And in the process of excavation, you have a really strong professional and ethical imperative to do very detailed recording of what it is that you're encountering when you do that excavation. You have to know where you're finding everything. You have to know stratigraphic relationships between different deposits. You have to know where different architectural features are. There's a huge amount of recording that has to take place, and that recording is actually quite complicated. And it's typically done using databases of 1 form or another to, actually record this excavation process.
And unless we come up with ways of keeping that information, keeping those records in in those databases, then that process of excavation destroying sites, all the information that comes out of that will be lost unless we do something to preserve an archive and share these digital data. So in addition to, you know, opening up new research opportunities, which is 1 of the things that got me excited about this issue about, you know, managing data, we have this really important ethical imperative that actually, you know, this is the way that, we're going to pass an archaeological record down to future generations if we are successful in the management of this research data. So those are the, sort of driving forces behind this, and then open context is our attempt to try to provide, you know, practical real world services in order to try to meet those sort of larger needs of dissemination, opening new research opportunities, and also putting these data into formats, into a larger public context and into digital repositories where they could be preserved.
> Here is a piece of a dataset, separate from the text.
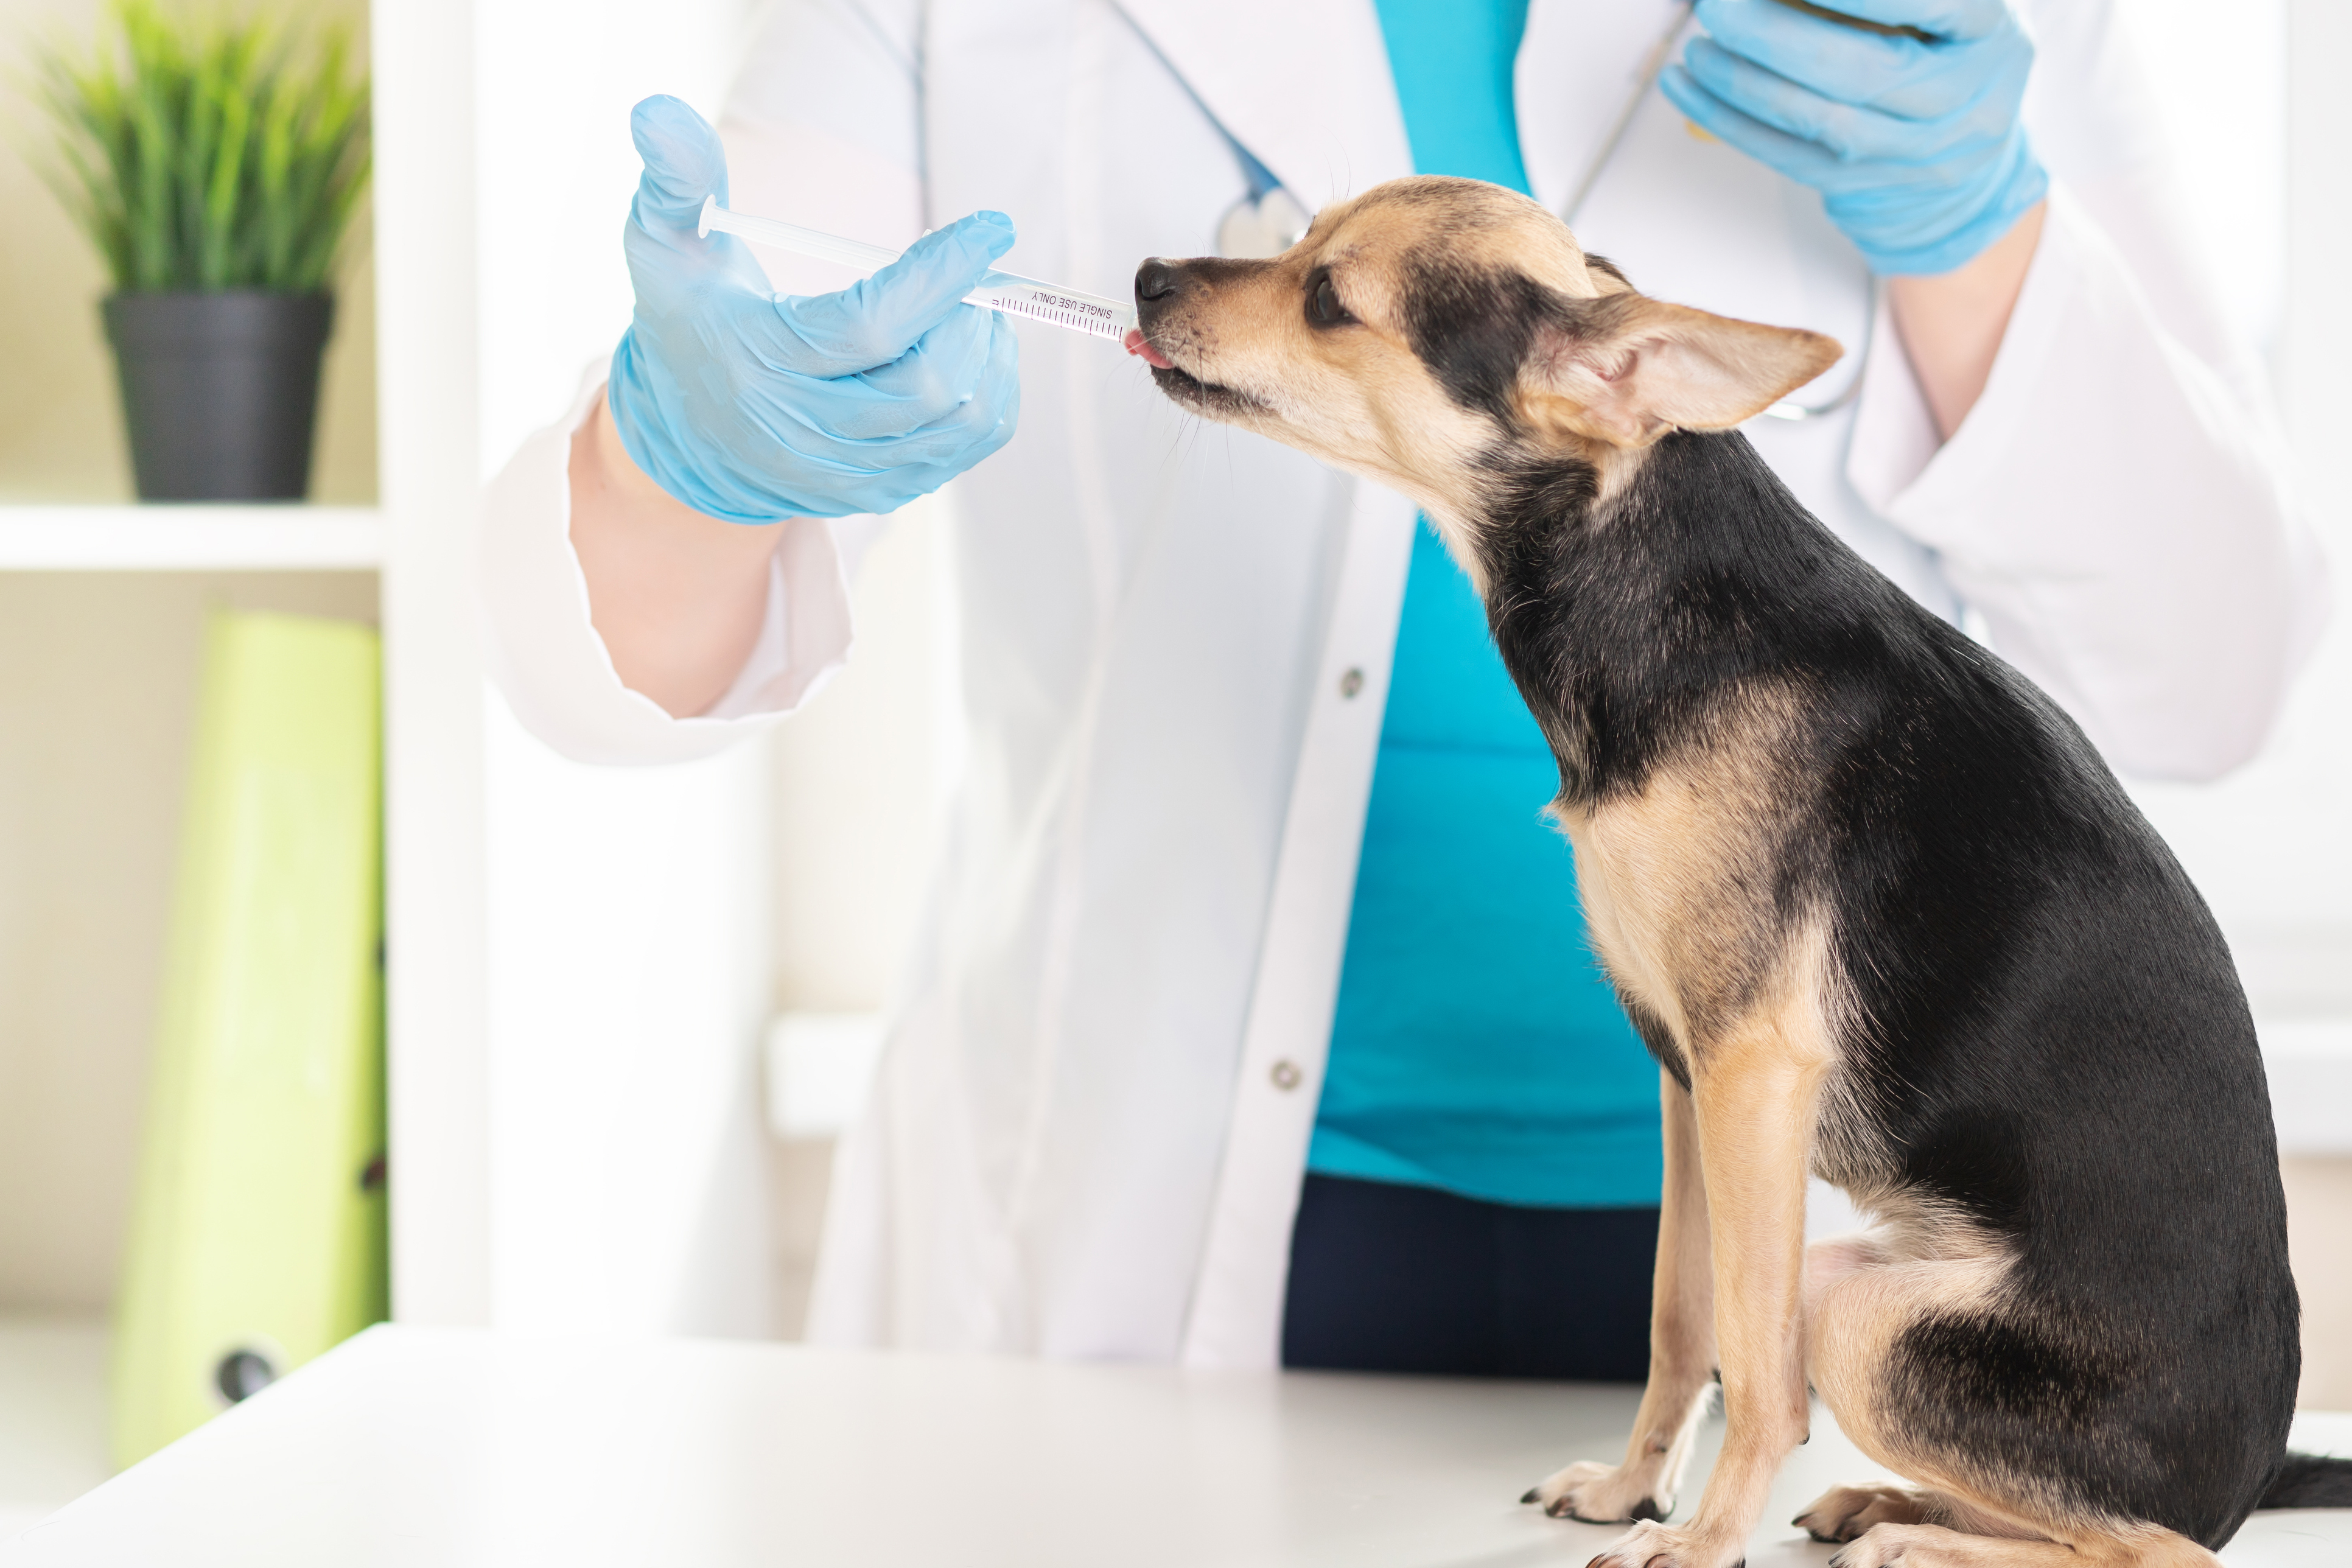 Trusted daily essentials for today's veterinarians | Clinician's Brief

And so the datasets that you're
[00:06:23] Unknown:
managing, are they solely dedicated to archaeological research, or do you have other scientific domains represented as well? The vast majority are archaeological.
[00:06:33] Unknown:
We have 1 test dataset in public health, but for the most part, we're busy enough to with the archaeologists that we're really focused on that need. And the other issue is that our publishing model, the way that we curate the data, really requires some domain expertise. So just because of who we are in terms of our own background and staffing in LVAD, we do focus on archaeology, not other other outside domains where there could be also very different kinds of data modeling and metadata and ontology kinds of concerns that beyond our expertise and comfort level. And in terms of determining which datasets
[00:07:14] Unknown:
you are willing and able to work with, do you have a particular set of guidelines or protocols for when you're first interacting with somebody who comes to you with a particular, set of records that they want to publish on your platform?
[00:07:30] Unknown:
Yeah. Absolutely. It's important for us that the research that we publish is coming from projects that are meeting the, normal standards of professional conduct that are in the discipline of archaeology. And these are professional societies in the field have, you know, ethic codes, professional norms, and there's also laws that govern how archaeology is conducted in different jurisdictions around the world. And so all of those different kinds of standards and norms have to be met for us to, engage with the researcher to publish a dataset. So this is an important thing because with those sorts of conduct professional conduct frameworks help establish, you know, kind that we are working for the archaeological research community, and we don't wanna provide a platform for basically for for for people who are doing treasure hunting, you know. So there there's a a world out there of people who are doing things like, illicit metal detecting and whatnot and treasure hunting that, would actually if if we were to publish that kind of information, may endanger sites. They might get vandalized, they might get looted, and we wanna make sure that we're not working with not facilitating the destruction of cultural heritage.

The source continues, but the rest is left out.